What is the purpose of having a butt?

Why do we have a butt?

If its for sitting, then why do other animals who do plenty of sitting (dogs/cats) lack a true butt? What biological advantage is there to having this cleft running down our rear end?

Other animals do indeed have butts…look at horses. It’s simply two muscles, animals that have especially strong leg muslces tend to have more prominant butts. The cleft is just because of the way muscles attach to the spine.

Define butt. Are you talking about gluteal muscles, or are you talking about glutes that stick out?

Our butts stick out mainly because we walk upriight. Bipedal locomotion calls for more developed gluteal muscles to move a leg back and forth. Also, our glutes tend to protrude less when we’re on all fours like dogs and cats. (Their muscles are also attached with somewhat different spatial arrangements, which also keeps them from sticking out.)

As for the gluteal cleft, each set of glutes moves one leg. They have to be seperate from each other to move the legs seperately.

Mmmmmm…butts… :drools:
[/homer]

Spankings wouldn’t be nearly so much fun for either party if we didn’t have one.

They have butts, they’re just nowhere near as noticable or attractive as human butts can be (at least women’s). Plus, dogs and cats have worn theirs down with all that licking.

It not only provides the “working man’s smile” but is an ideal location for a sphincter. Where would you have it? Under one of your arms? Think of your deodorant costs. What in Hades would your toilet look like and don’t let’s even think about shaving there.
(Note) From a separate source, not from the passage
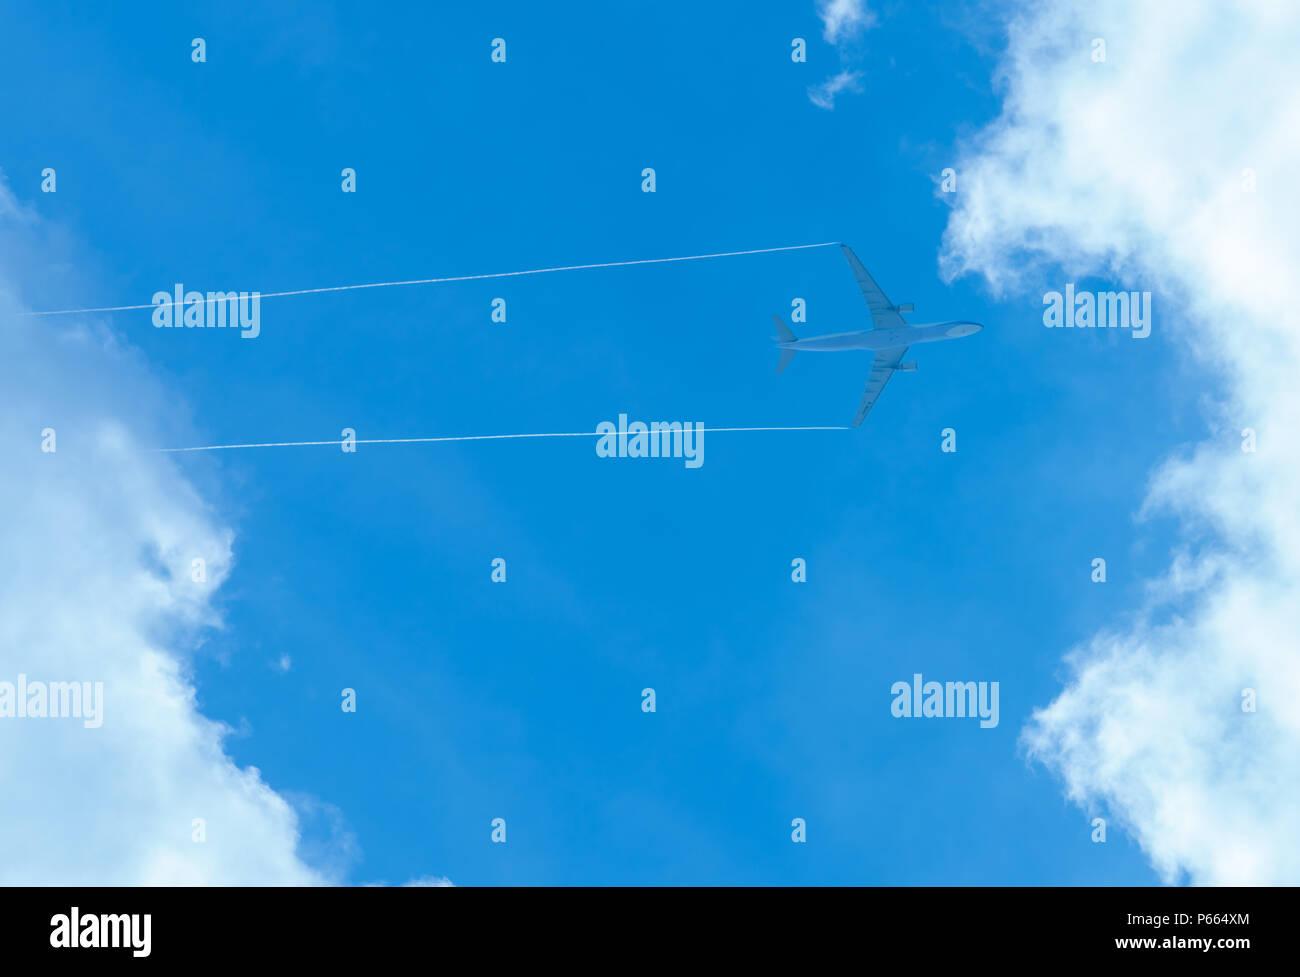 Velivolo sul cielo blu e nuvole bianche. Linea aerea commerciale battenti sul cielo blu. Viaggio Volo per le vacanze. Trasporto aereo. Immagini Stock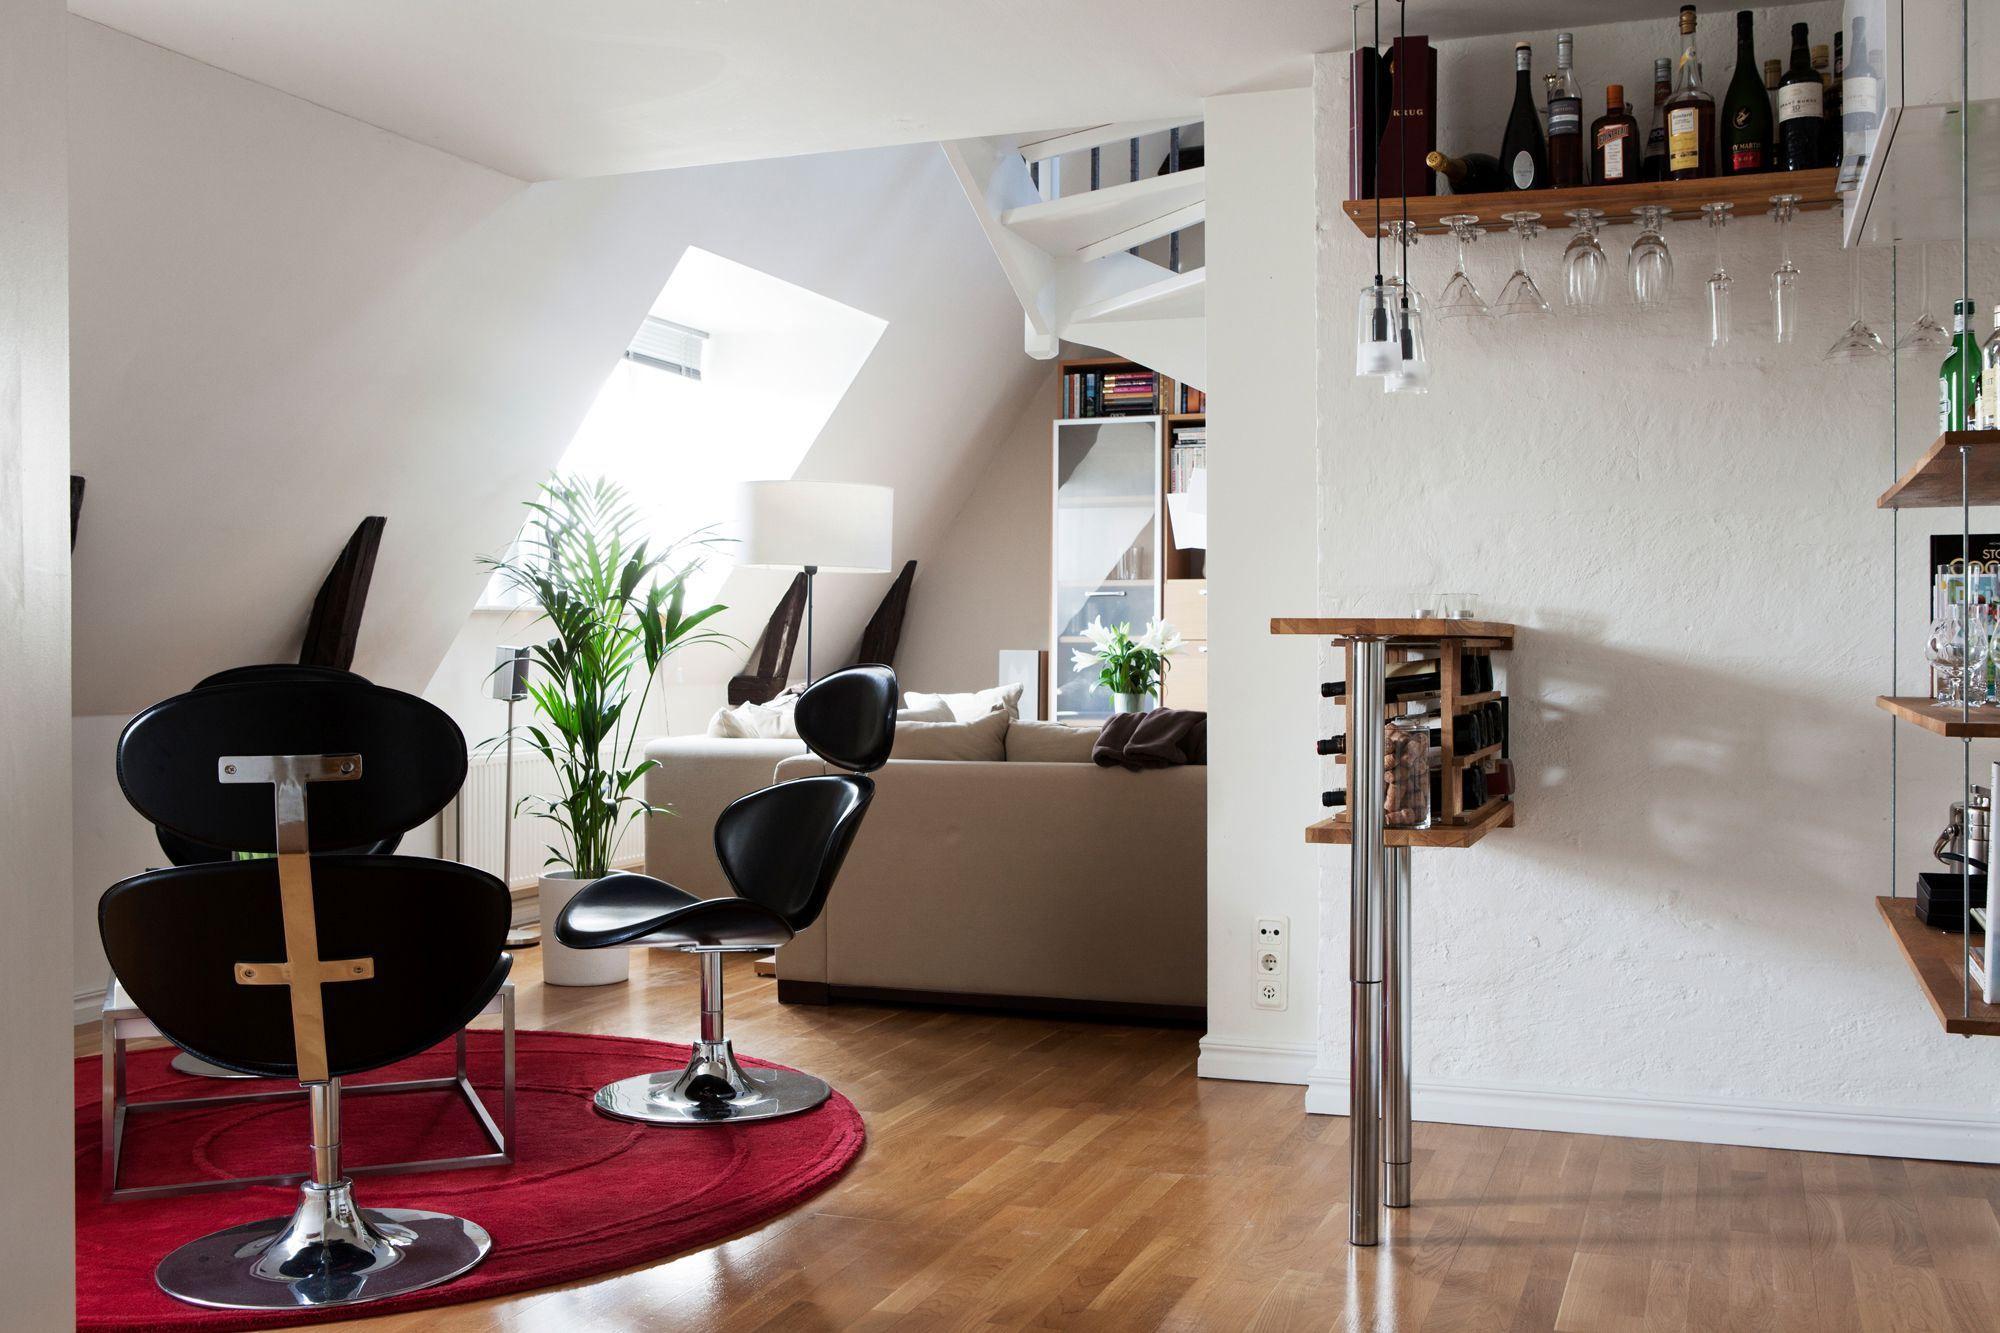 muebles de bar pequeños y minimalistas - Buscar con Google   DECORA ...

Also they are an ideal place to store fat. The San people of South Africa (commonly called the Bushmen) have very pronounced derrieres as that is where a lot of their body fat is stored.

As noted above, a buttock is needed for the powerful muscles needed to keep us upright. Other developments are secondary. Having your anal sphincter there isn’t “convenient” – it’s inconvenient. Man is the only animal that uses toilet paper, or needs to.
Men are attracted to a shapely female bottom (and women to men, my wife tells me) because it’s programmed in, and probably because it is an indicator of good health in the potential mate, but we could’ve been programmed for some other shape just as easily had evolution gone some other way – there’s nothing intrinsically aesthetic about a butt.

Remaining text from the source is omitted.